South Scotland

New Dalbeattie and Dumfries school sites officially opened

School opening
Image caption Mr Swinney carried out the official opening of the Dalbeattie campus before heading to Dumfries

Deputy First Minister John Swinney has carried out the official opening of two new school sites in Dumfries and Galloway.

The Dalbeattie Learning Campus and St Joseph's College in Dumfries have been up and running for some time.

Mr Swinney unveiled a plaque in Dalbeattie and carried out a tree planting at the other school.

Both projects received support from the Scottish government's Schools for the Future programme.

The shared campus in Dalbeattie is used by a new Dalbeattie High School, Dalbeattie Primary School and Nursery.

The Dumfries secondary has been the subject of a £24m overhaul.

Image copyright Graham Construction
Image caption The deputy first minister said the new campus was a "great collaboration"

Mr Swinney said the Dalbeattie campus was a "fantastic addition" to education in the region.

"It is a great collaboration between Dumfries and Galloway Council and the Scottish government investing to establish 21st Century learning facilities for young people in this area," he said.

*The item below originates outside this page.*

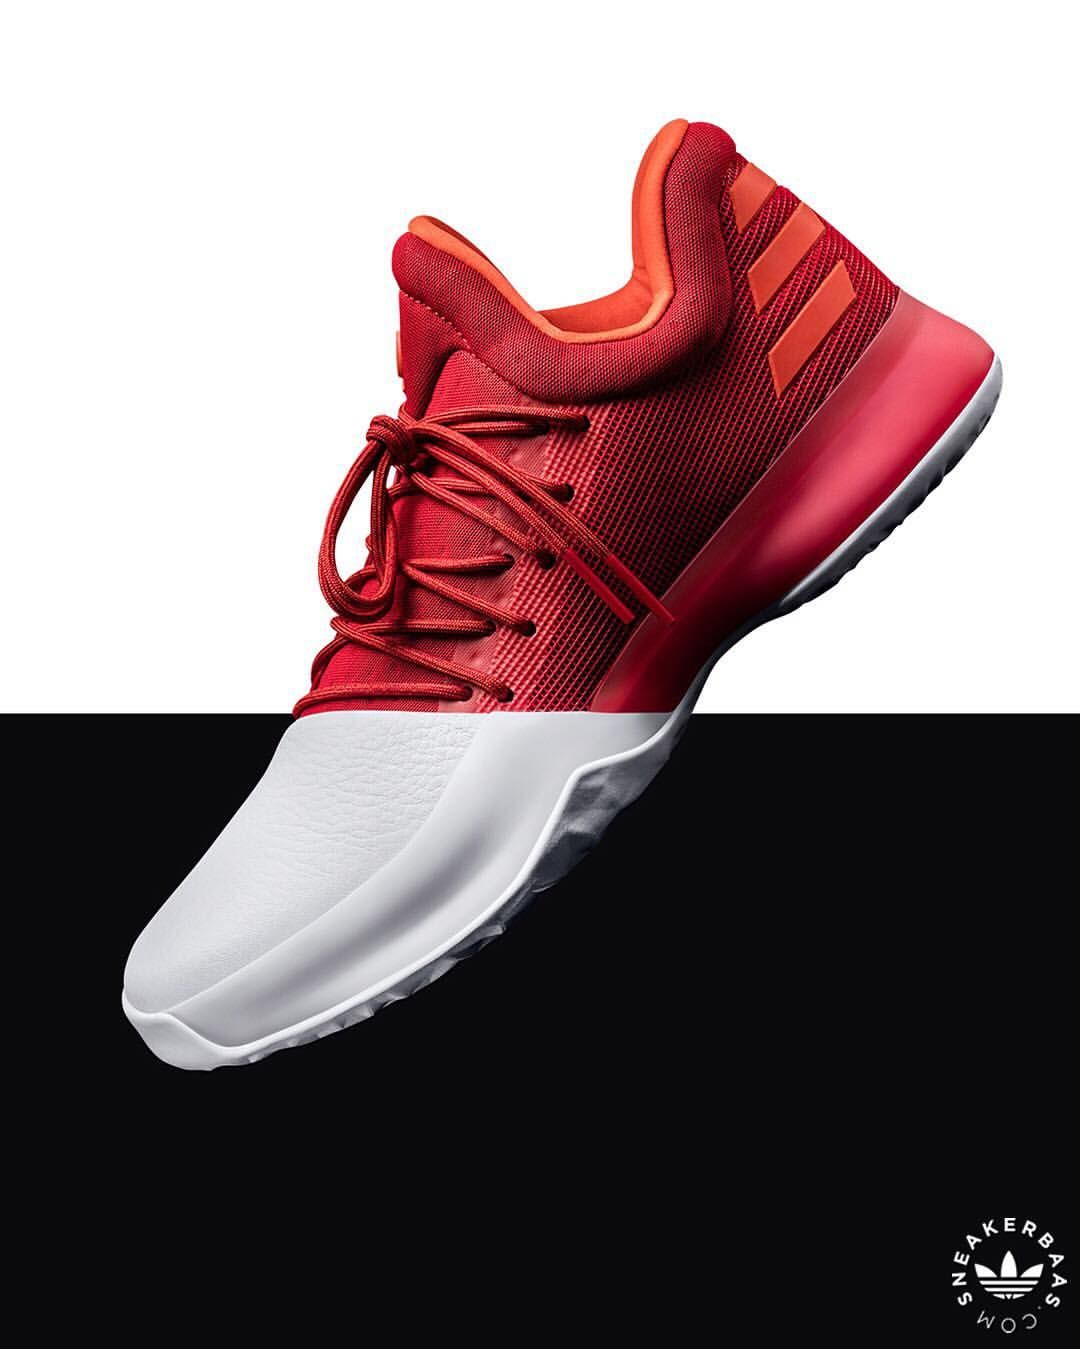 e5d990e0d5e9 Adidas Harden Vol.1 Red   White  sneakers  sneakernews  StreetStyle  Kicks   adidas  nike  vans  newbalance  puma  ADIDAS  ASICS  CONVERSE  DIADORA   REEBOK   ...

"I think the opportunities to develop that learning between the nursery, the primary school and the high school on the one campus are huge.

"I think it creates a great platform for education in this area."

'Take the credit'

Ahead of the openings, Labour councillor Ronnie Nicholson criticised Mr Swinney's plans to visit the Bridge educational facility during his time in Dumfries.

He accused him of trying to "take the credit" for a project the Scottish government had not funded.

He also claimed Mr Swinney was using the official openings to distract from a failure to support plans for other school improvement proposals in the town.

Dumfriesshire Conservative MSP Oliver Mundell said the visit would "carefully avoid" Dumfries High School and Dumfries Academy which were "desperately in need of investment".

He said Mr Swinney needed to explain why the region was "always at the bottom of the priority list".

'Substantial support'

A Scottish government spokeswoman said: "We have provided almost £25m to Dumfries and Galloway Council to implement our Schools for the Future programme, and the deputy first minister was invited by the local authority to open the new schools and visit the Bridge to see first-hand the excellent work that has already taken place.

"The overarching aim of the programme is to replace the worst condition schools across Scotland, and each local authority, including Dumfries and Galloway Council, was asked to put forward its priority schools for investment through successive phases of the programme.

"As such, Dumfries and Galloway Council received substantial financial support towards the Dalbeattie Learning Campus, St Joseph's College and the North West Community Campus."